I am using Qlogic Infiniband and Openmpi-1.5.3. I can able to run the jobs by CLI without any issues, but when iam submitting over torque scheduler facing the below issue.

I am facing issue while submitting the jobs through Torque scheduler. Error file is attached

Overview of the problem:

node1.ibab.ac.in.5910Driver initialization failure on /dev/ipath (err=23)

--------------------------------------------------------------------------

PSM was unable to open an endpoint. Please make sure that the network link is

active on the node and the hardware is functioning.

 

  Error: Failure in initializing endpoint

 

I gone through the link http://www.open-mpi.org/community/lists/users/2011/12/17888.php for solution, same followed but no luck.

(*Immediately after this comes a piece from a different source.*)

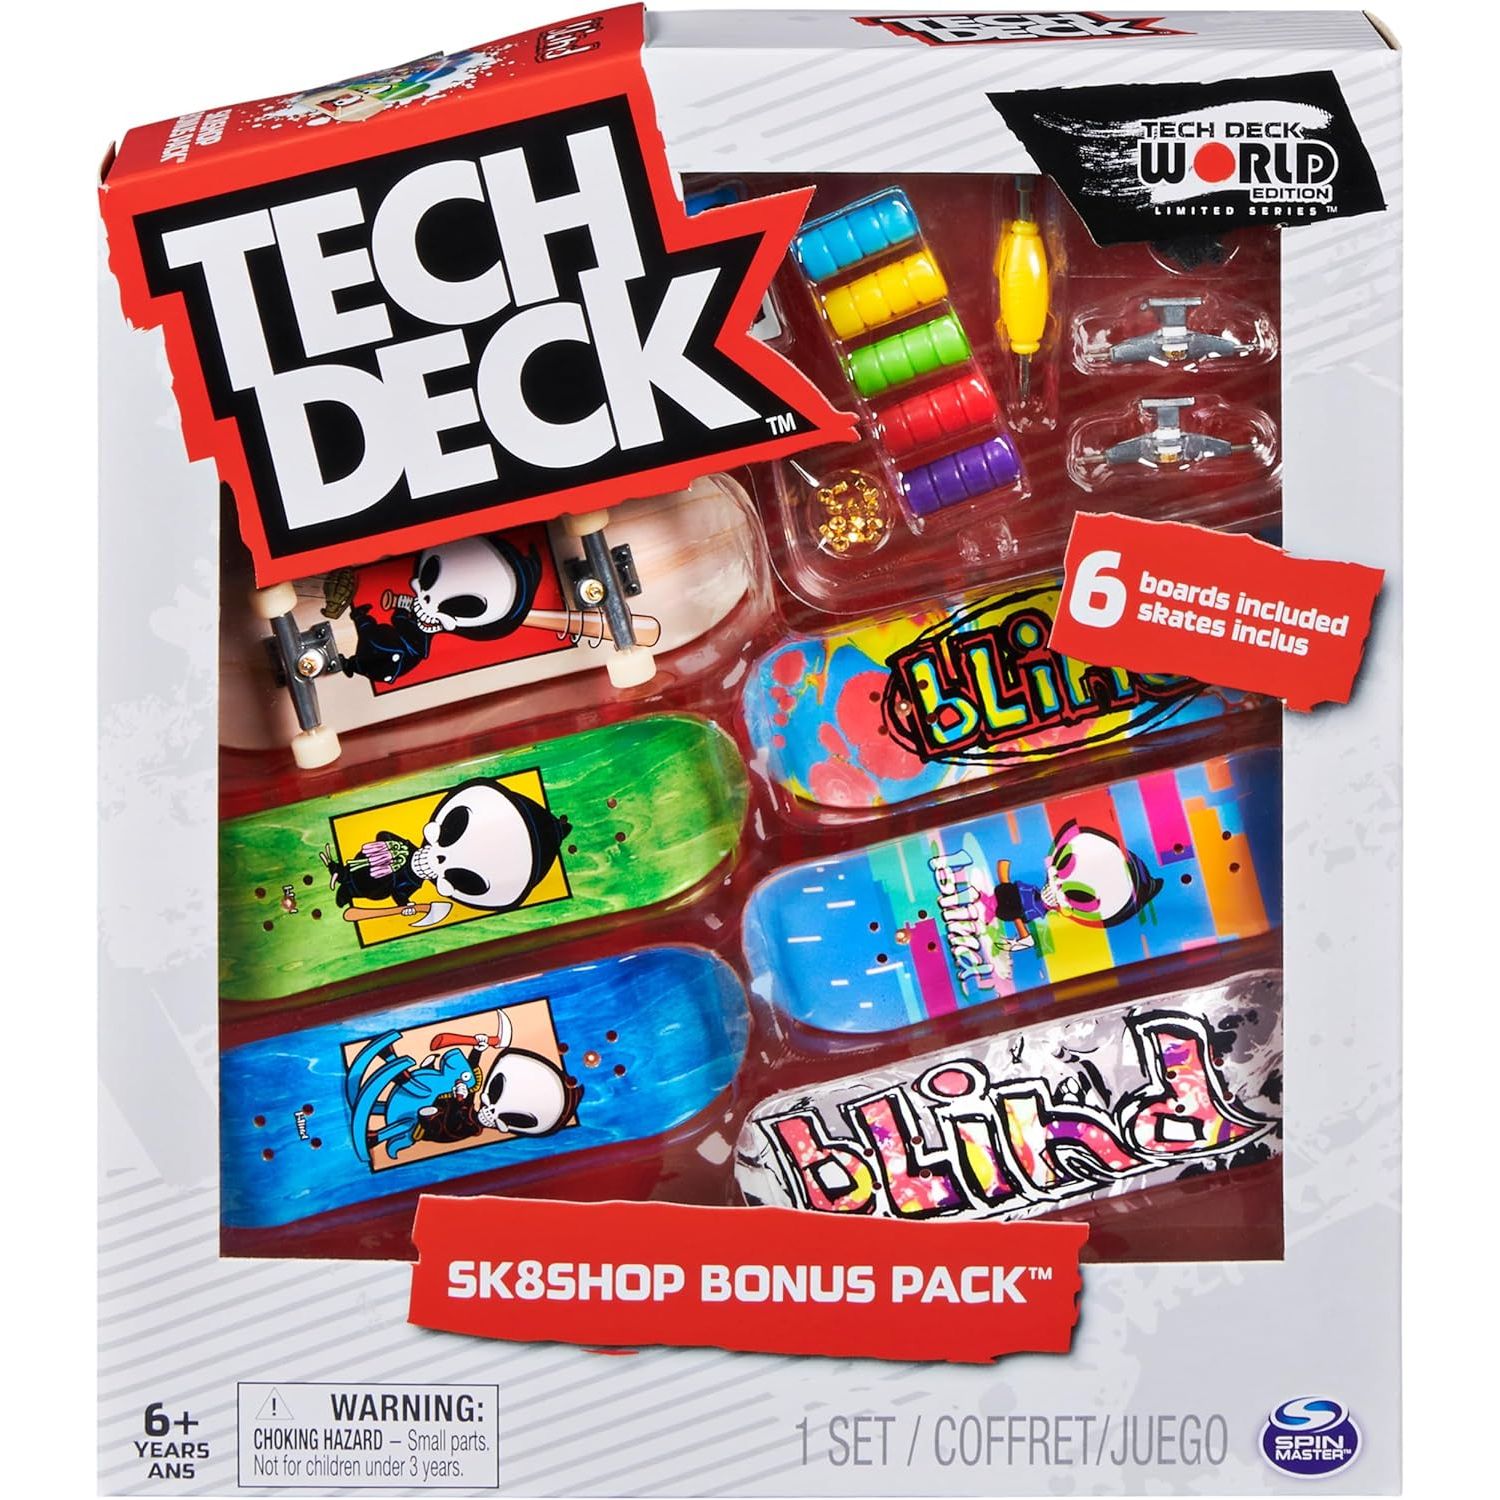 TECH DECK, Sk8shop Fingerboard Bonus Pack, Collectible and Customizable Mini Skateboards, Kids Toys for Ages 6 and up (Styles May Vary)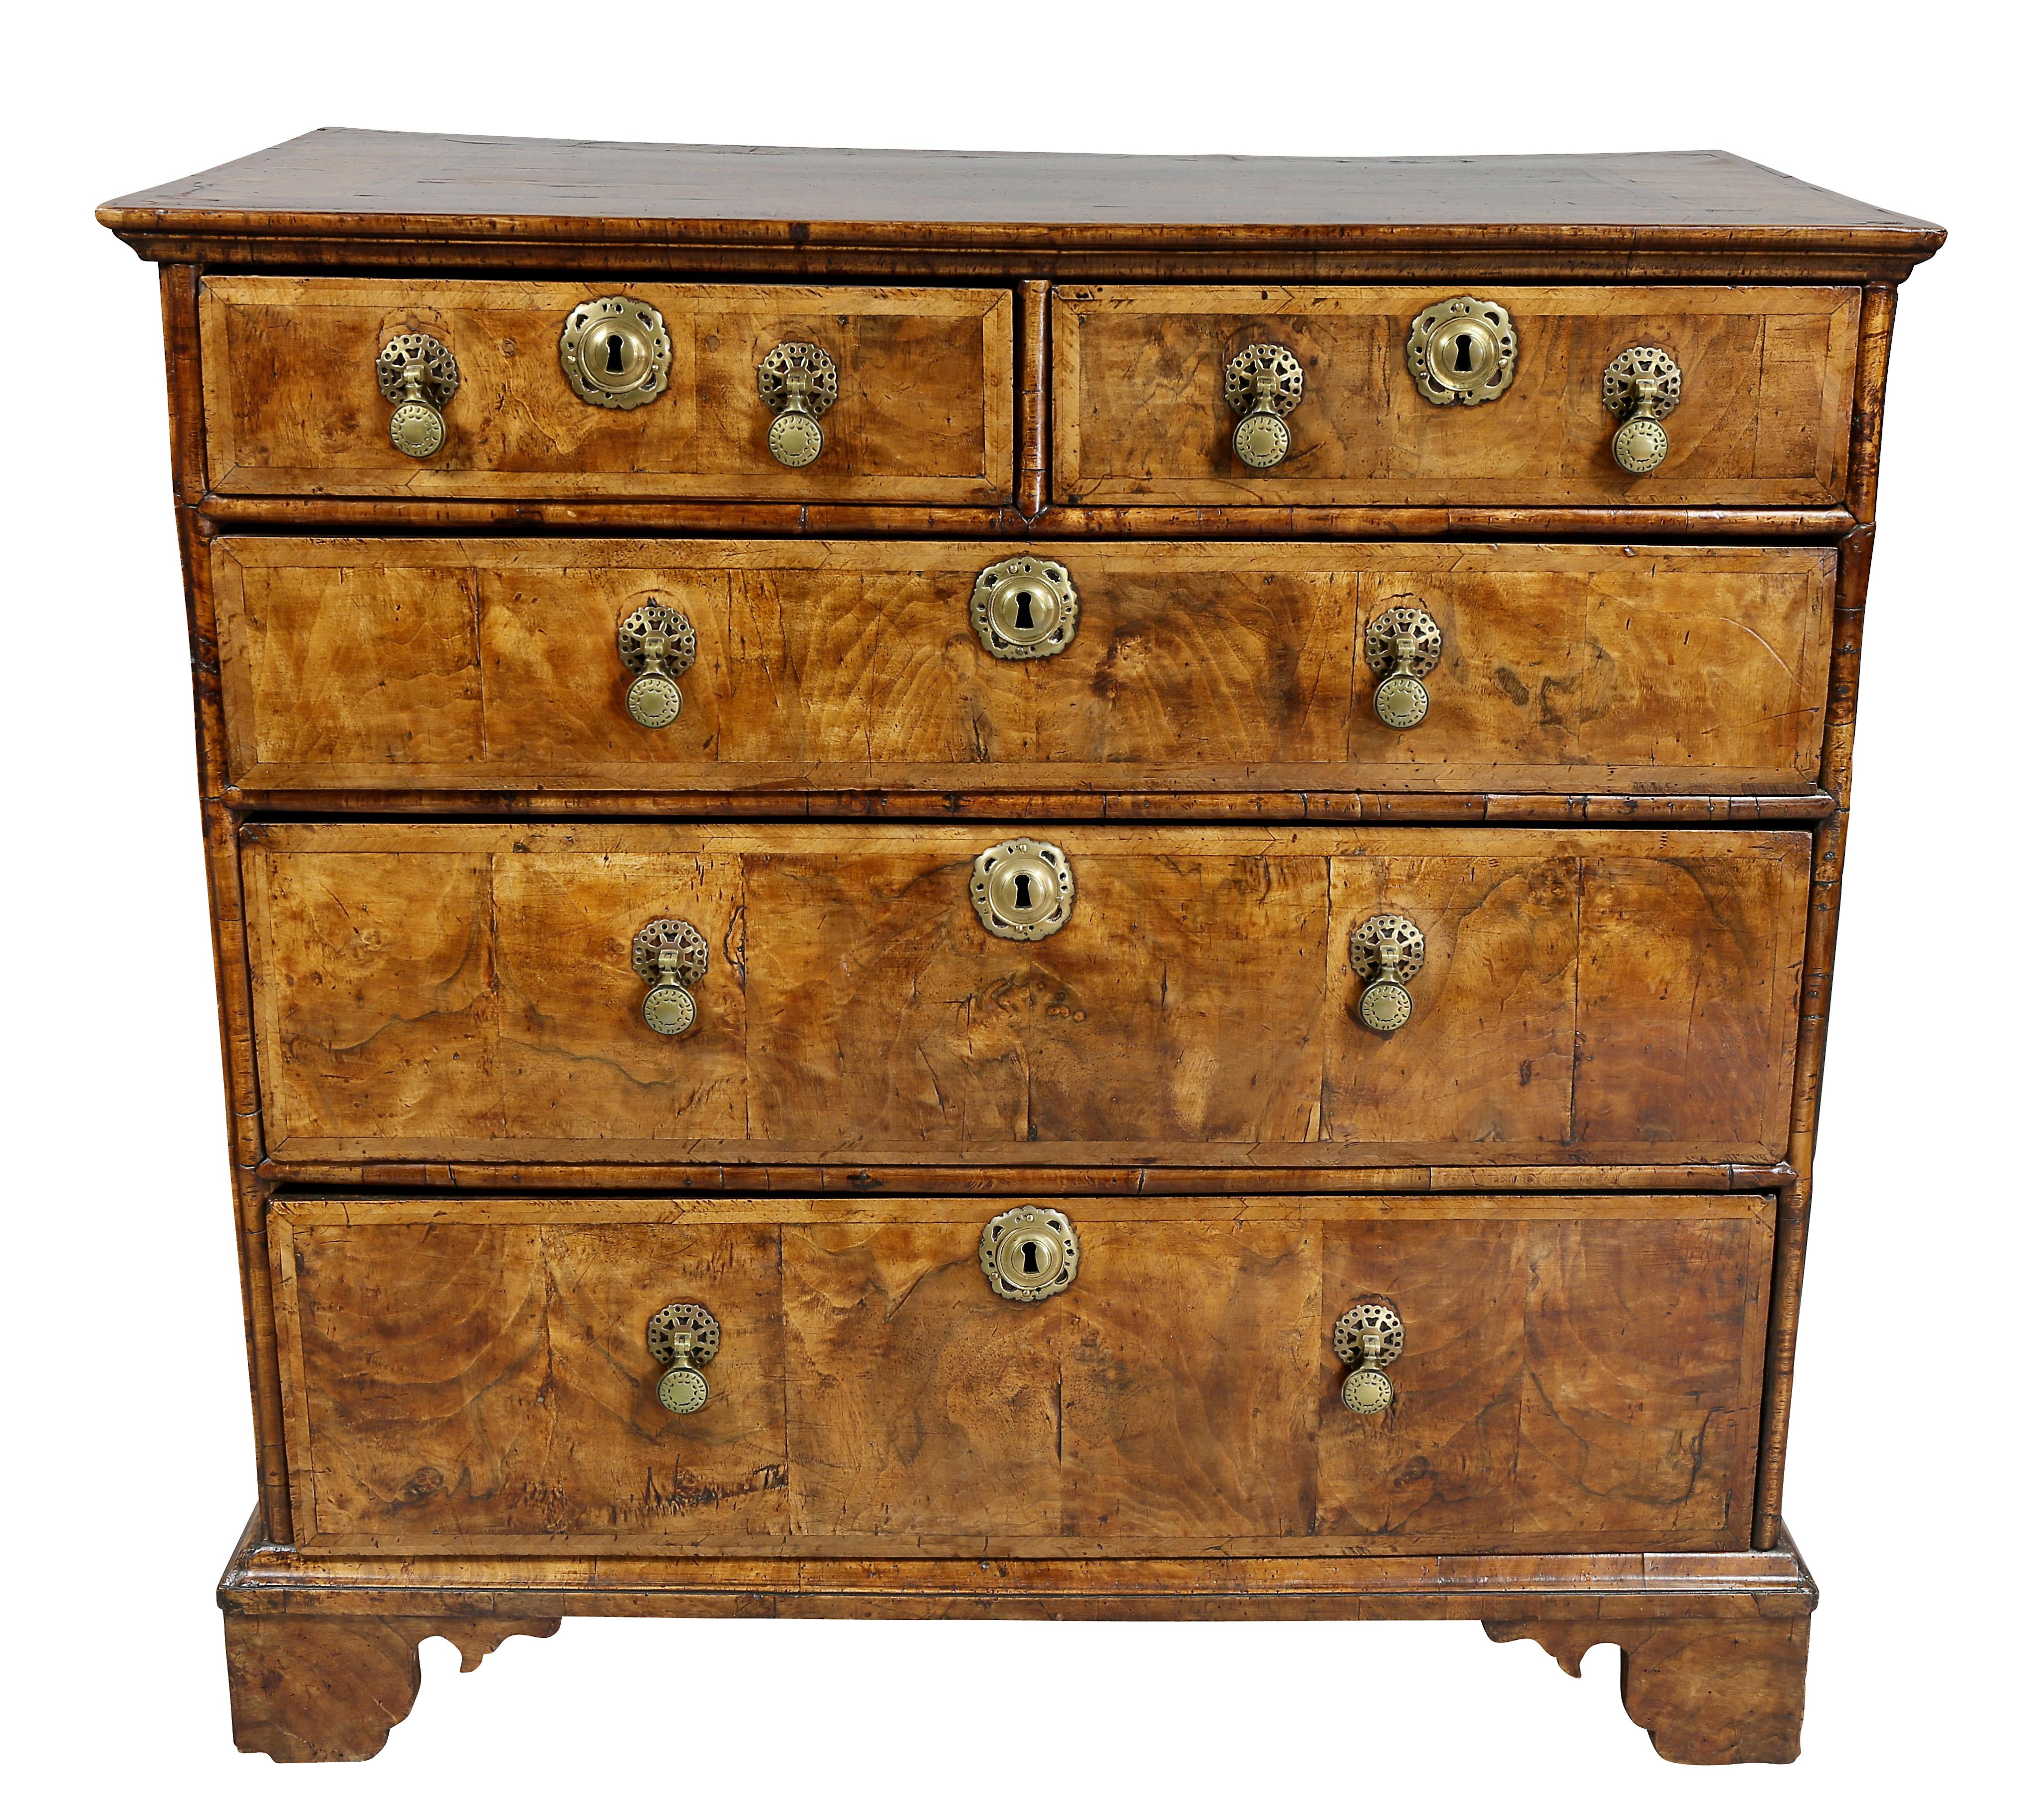 With beautifully figured walnut and gorgeous brown color, unusual handles and bracket feet.

I exported the value in my input submit script file as export PSM_SHAREDCONTEXTS_MAX=16, and submitted the job.

Sample inputfile is

#!/bin/bash

#PBS -N matmul

#PBS -l nodes=1:ppn=1

node=1

ppn=1

nprocs=`expr ${node} \* ${ppn}`

echo "--- PBS_NODEFILE CONTENT ---"

cat $PBS_NODEFILE

export PSM_SHAREDCONTEXTS_MAX=16

 

mpirun -np ${nprocs} --hostfile $PBS_NODEFILE  /home/khan/a.out < /home/khan/iter

 

Please let me know I doing correct or not ? and suggest me for best out ?

Regards,

Bhagya Raju K